最近、Infinispan 7.1が出ましたが、7系でまた機能が増えているようなのでここで見返し。Reduceの結果を、単一のMapとして返すのではなく、InfinispanのCacheに格納する機能が増えたようです。

それでは、見ていってみましょう。

準備

まずは依存関係の定義。
build.sbt

name := "map-reduce"

version := "0.0.1-SNAPSHOT"

scalaVersion := "2.11.5"

organization := "org.littlewings"

updateOptions := updateOptions.value.withCachedResolution(true)

scalacOptions ++= Seq("-Xlint", "-unchecked", "-deprecation", "-feature")

fork in Test := true

libraryDependencies ++= Seq(
  "org.infinispan" % "infinispan-core" % "7.1.0.Final",
  "net.jcip" % "jcip-annotations" % "1.0" % "provided",
  "org.scalatest" %% "scalatest" % "2.2.4" % "test"
)

Map Reduceはcoreモジュールに含まれているので、そのまま使うことができます。

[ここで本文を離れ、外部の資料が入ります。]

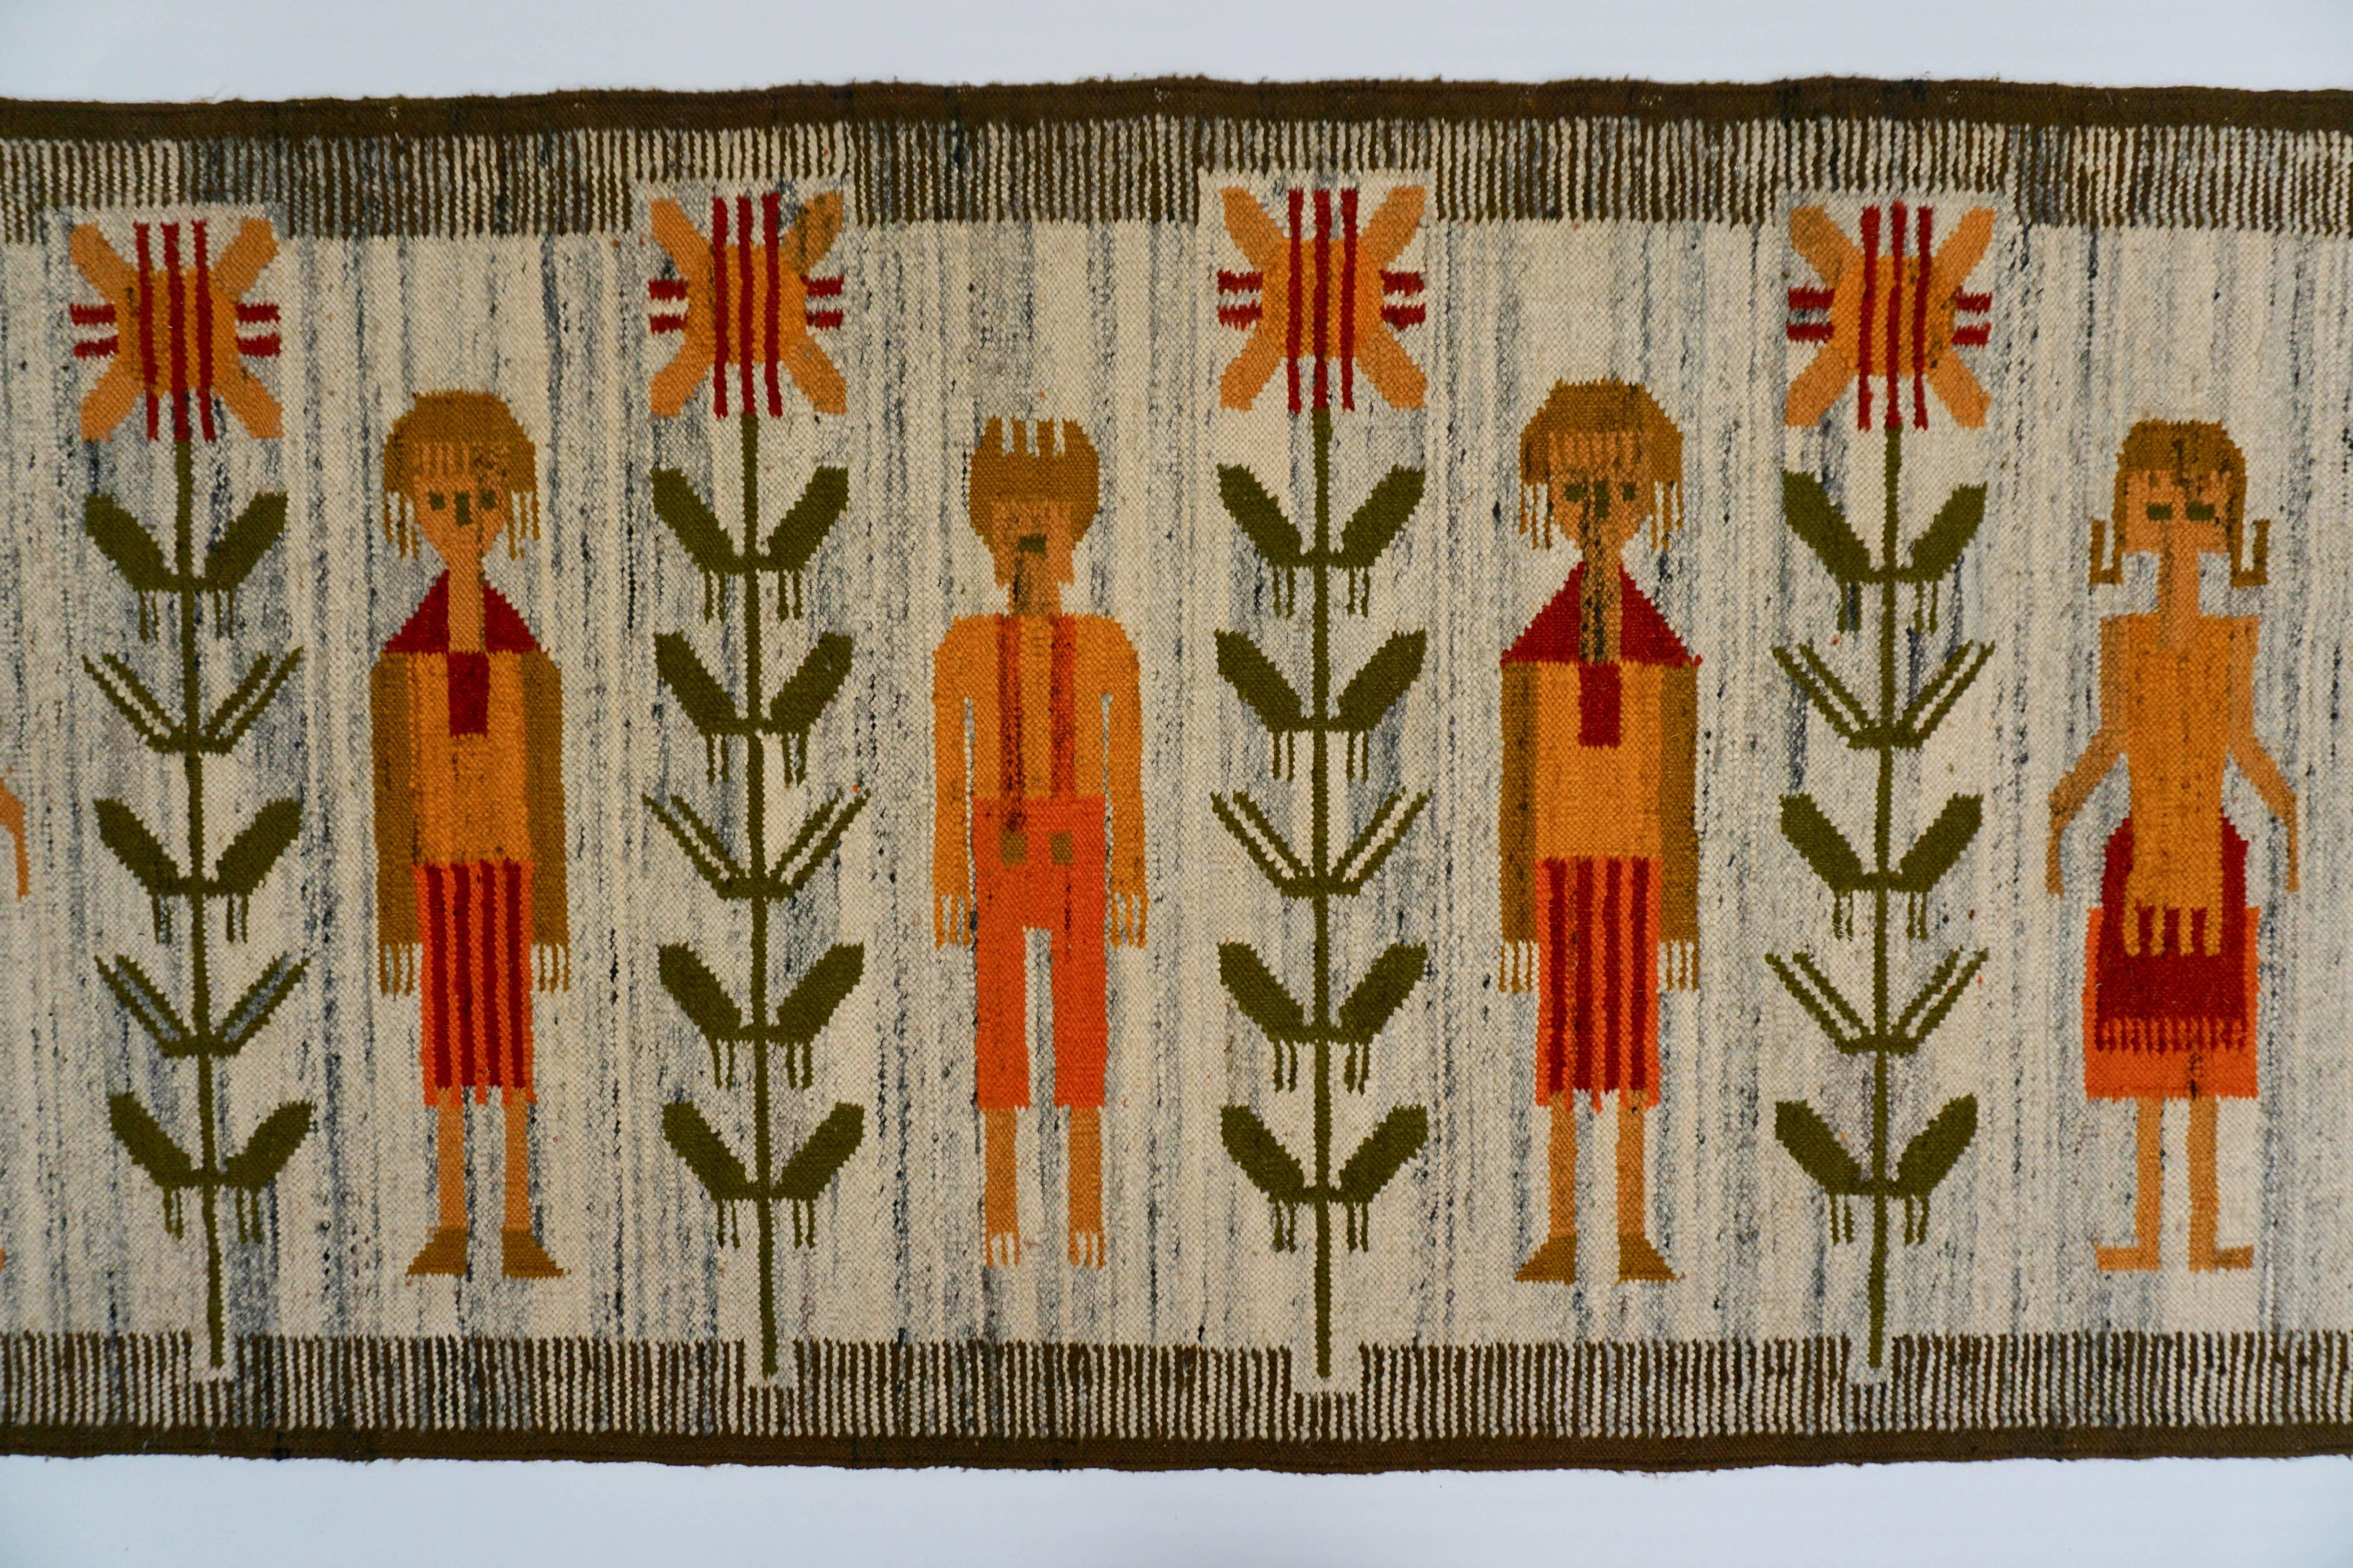 Tapestry from Poland.
Measures: Width 202 cm.

Mapper／Reducer／Collatorの用意

今回は、Map Reduceのネタとしては、ドキュメントに記載のある（といっても、マネしたのはデータだけですが）WordCountとしました。

Mapper
src/main/scala/org/littlewings/infinispan/mapreduce/WordCountMapper.scala

package org.littlewings.infinispan.mapreduce

import org.infinispan.distexec.mapreduce.{ Collector, Mapper }

@SerialVersionUID(1L)
class WordCountMaper extends Mapper[String, String, String, Int] with Serializable {
  override def map(key: String, value: String, collector: Collector[String, Int]): Unit =
    value.split("""\s+""").foreach(w => collector.emit(w, 1))
}

Reducer
src/main/scala/org/littlewings/infinispan/mapreduce/WordCountReducer.scala

package org.littlewings.infinispan.mapreduce

import scala.collection.JavaConverters._

import org.infinispan.distexec.mapreduce.Reducer

@SerialVersionUID(1L)
class WordCountReducer extends Reducer[String, Int] with Serializable {
  override def reduce(key: String, iterator: java.util.Iterator[Int]): Int =
    iterator.asScala.foldLeft(0) { (acc, cur) => acc + cur }
}

Mapper、Reducerインターフェースは、見たままなので説明は特にいいかなと思います。が、注意点としては、双方Serializableであることが必要です。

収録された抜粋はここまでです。